Only child unfortunately.  I know the grass is always greener and some people hate having siblings, but it sucks to not have any kind of social support outside of parents/friends you have to make.


----------



## desartamiu (Aug 2, 2015)

DarrellLicht said:


> Three elder sisters. A five year age gap starting with the first following sibling.


Exactly the same here.


----------



## DarrellLicht (Mar 9, 2013)

bluethousand said:


> Exactly the same here.


When I watched 'punch drunk love' for the first time, I found the dynamics between the protagonist and his sisters disturbingly familiar..


----------



## sas62759 (Feb 13, 2015)

anybody else?

appreciate all the votes :smile2:


----------



## sas62759 (Feb 13, 2015)

I'm looking for more people that
_are Male : Have an Older brother : 1-3 years_ (2yrs)
nothing else just this
anybody like this please message me.


----------



## sas62759 (Feb 13, 2015)

refresh


----------



## sas62759 (Feb 13, 2015)

I appreciate the votes, 
everyone who hasn't please vote


----------



## Excaliber (May 16, 2015)

oops was I not allowed to vote? 

I have 2 younger brothers and 4 older sisters


----------



## Amorphousanomaly (Jun 20, 2012)

There are four of us, three girls and a boy. I'm the youngest and we're all about two years apart.


----------



## Nekomata (Feb 3, 2012)

Female, older sister by two years. I wish I was either an only child or that my sister dropped dead though.


----------



## Polar (Dec 16, 2006)

Two sisters at 15 and 12 (so... 16 and 20 years younger than me)


----------



## TheClown7 (Oct 15, 2013)

Sister: 32y
Brother 1: 30y
Brother 2: 24y
Me: 21y


----------



## sas62759 (Feb 13, 2015)

wow thank you there's more.
I'm trying to make this the official thread of this topic lol
gotta include everything


----------



## sas62759 (Feb 13, 2015)

anybody else?


----------



## sas62759 (Feb 13, 2015)

keeping this on top, everybody


----------



## sas62759 (Feb 13, 2015)

everybody vote


----------



## sas62759 (Feb 13, 2015)

come on people vote


----------



## Tsukami (Jun 1, 2015)

I have a brother that is two years older than me, but he irritates me to no end. I'd rather be an only-child.


----------



## sas62759 (Feb 13, 2015)

refresh


----------



## Cletis (Oct 10, 2011)

Only child. :blank


----------



## Cletis (Oct 10, 2011)

minimized said:


> I wish I was an only child.


No, you don't. Trust me.


----------



## minimized (Nov 17, 2007)

Cletis said:


> No, you don't. Trust me.


But my sister has caused us nothing but grief. Who knows, maybe I would have been a different person. :l


----------



## GodGivenRight (Sep 25, 2015)

I have older sister(+1.5 years). It was painful growing up with her, but now i cant complain.


----------



## burgerchuckie (May 31, 2012)

I have a younger sister and I'm 3 years older than her. She's the complete opposite of me, confident and sociable. That's good tho coz it would suck if there was another freak like me in the family :lol


----------



## sas62759 (Feb 13, 2015)

anybody else?


----------



## sas62759 (Feb 13, 2015)

refresh


----------



## sas62759 (Feb 13, 2015)

Any more people?


----------



## TryingMara (Mar 25, 2012)

I have several, all older.


----------



## JohnDoe26 (Jun 6, 2012)

I'm the oldest. Got a sister one year younger than me.


----------



## Constellations (Sep 23, 2013)

Brother and sister, both older


----------



## DiscardYourFear (Oct 19, 2015)

I have a sister who is 5 years older, a brother who is 4 years older, and a brother who is 6 years younger.
I'm kind of the middle child, as my older siblings are only a year apart from one another.

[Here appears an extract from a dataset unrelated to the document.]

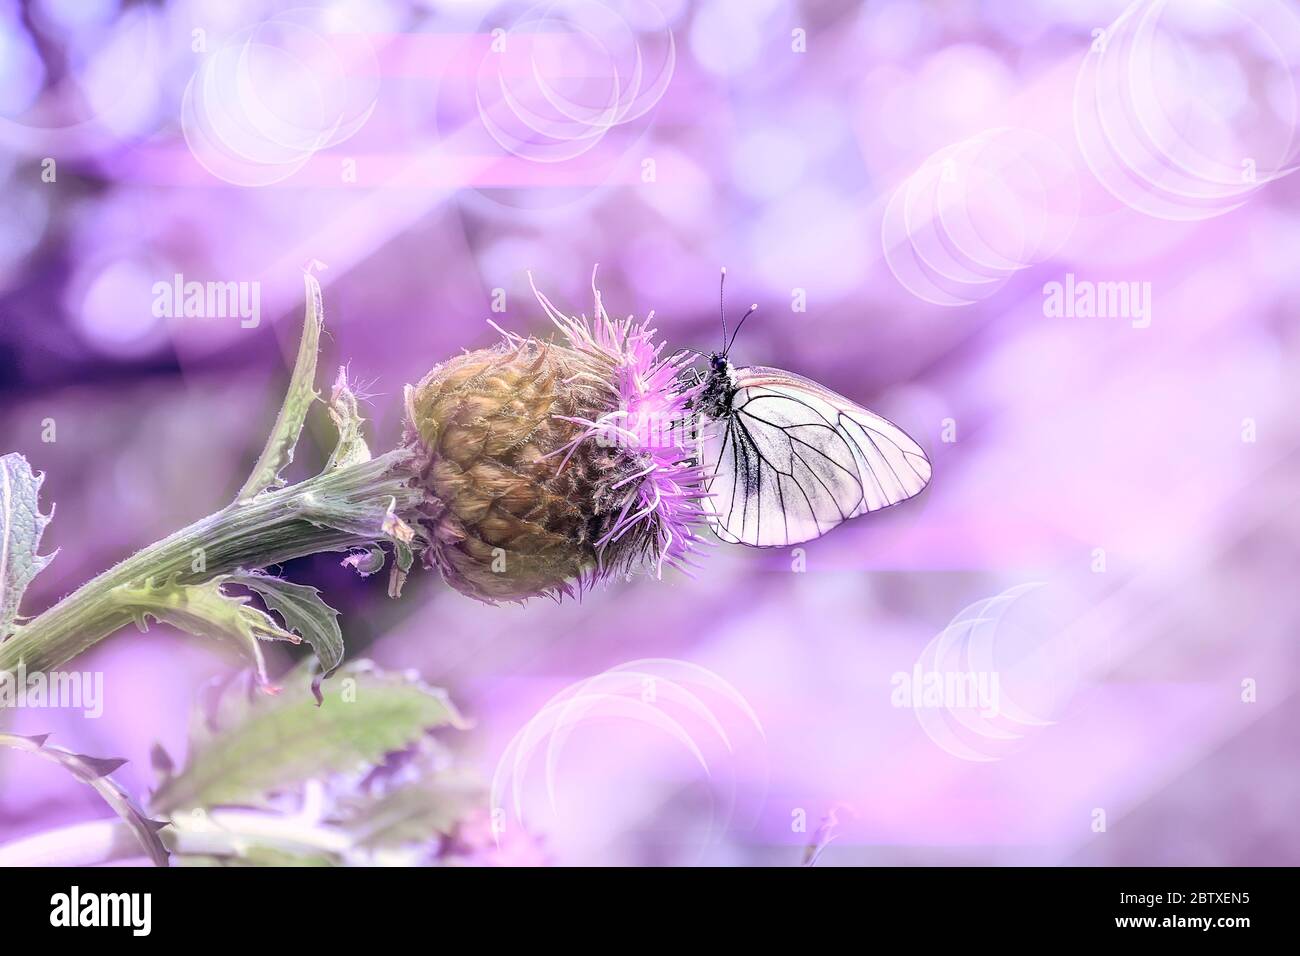 Rose matin d'été sur la prairie - image artistique délicate. Macro de papillon blanc sur fleur pourpre Rhaponticum carthamoides - sprin romantique Banque D'Images

I guess I have Jan Brady syndrome.
Marcia, Marcia, Marcia! :grin2:


----------



## Potato Girl (Jul 22, 2013)

I'm 1 of 6 kids. Age ranges from 16 to 37 and I'm the second youngest :/


----------



## animeflower6084 (Apr 8, 2014)

I have a brother who is 4 years younger then me.


----------



## Steve French (Sep 17, 2012)

I have a sister who is just short of two years older, and a brother that is almost nine years older.

My mother, of the catholic persuasion, has a sister that is over twenty years older. She had a niece before ever getting out of the womb.


----------



## McFly (Jul 15, 2014)

Only child. People always said to me that it must have been great growing up as an only child, but what is it like growing up with siblings? :stu

All I know is that some get along, some don't and sometimes it varies.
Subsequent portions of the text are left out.